Triple P threat to all data files!!! Hahahaha… Now that I have myself collected and together, in this blog post I will utilize Python, Psycopg2, and PostgreSQL for a bulk upload, importing data from a CSV
file to a database table.
Note: All data, names or naming found within the database presented in this post, are strictly used for practice, learning, instruction, and testing purposes. It by no means depicts actual data belonging to or being used by any party or organization.

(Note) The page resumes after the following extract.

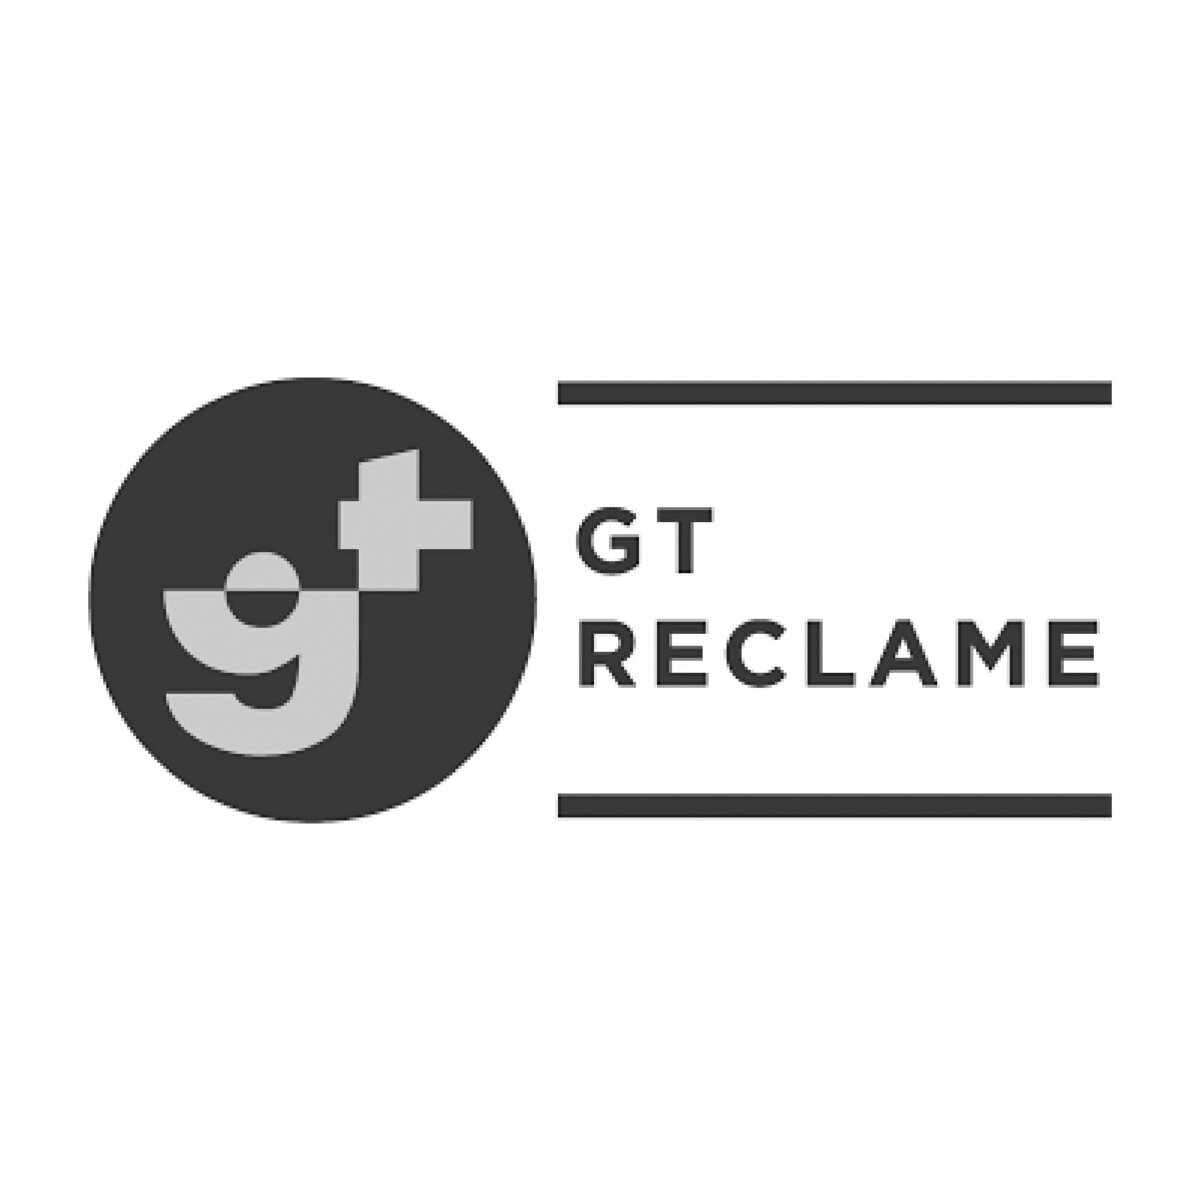 GT Reclame B&W
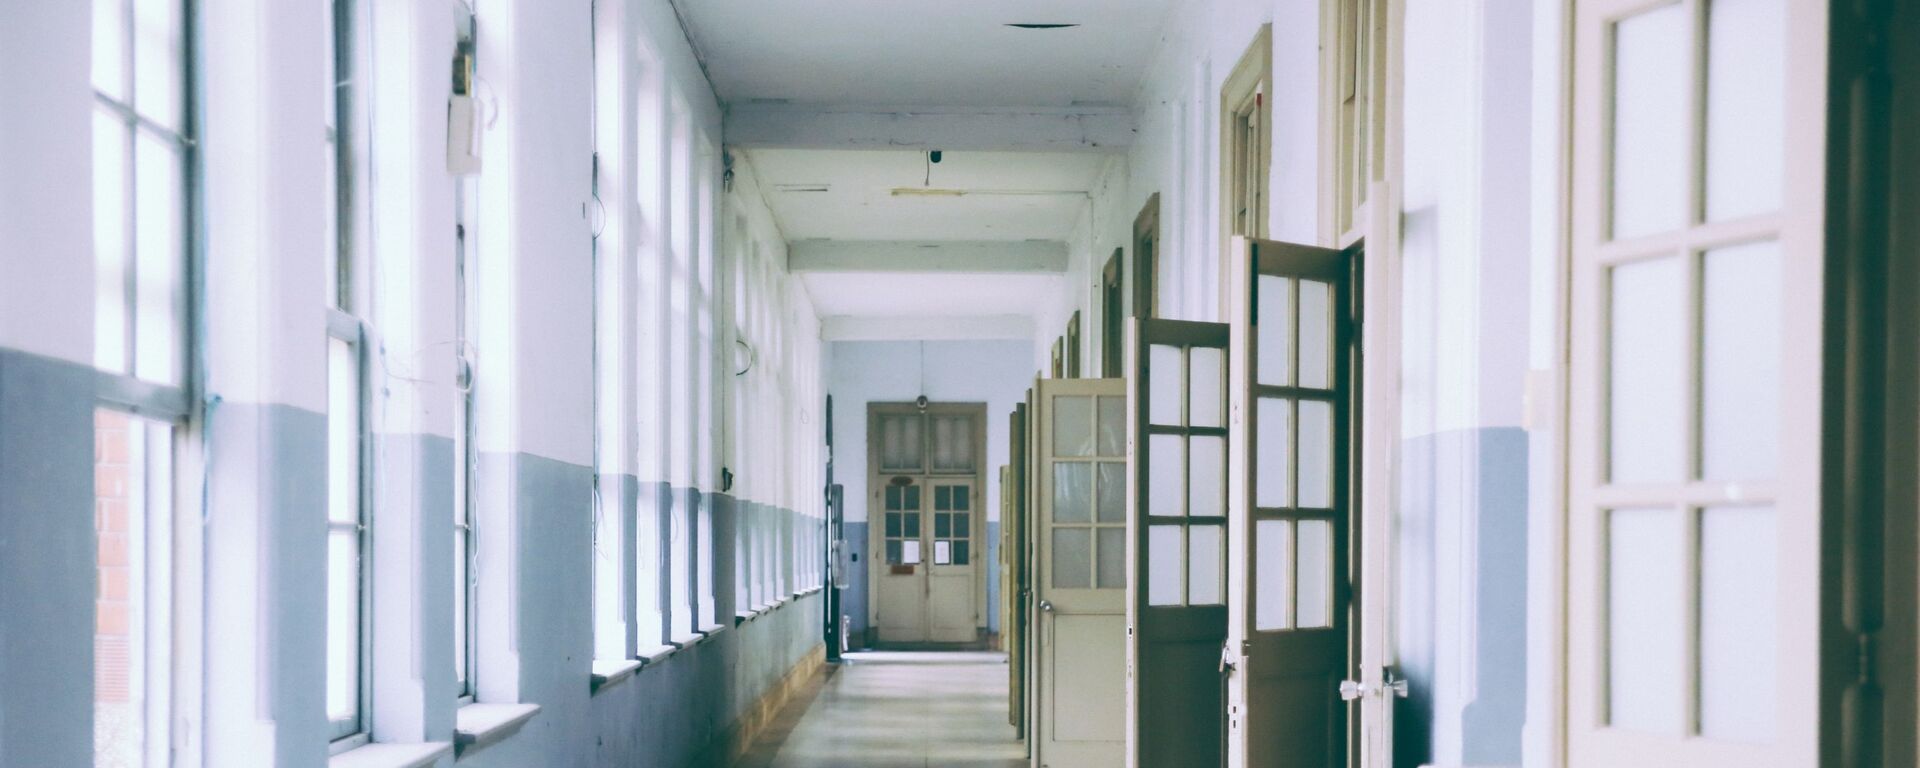 Школьный коридор, фото из архива - Sputnik Азербайджан, 1920, 07.12.2021

I will be using Xubuntu Linux 16.04.2 LTS (Xenial Xerus), Python3.6, PostgreSQL 9.6.4, and psycopg2 for these exercises.
Squeezing and constricting…
Having performed a wholesale insert with the PostgreSQL COPY
command, server-side, (see this blog post) we will now look at a similar upload using Python3.6 and psycopg2.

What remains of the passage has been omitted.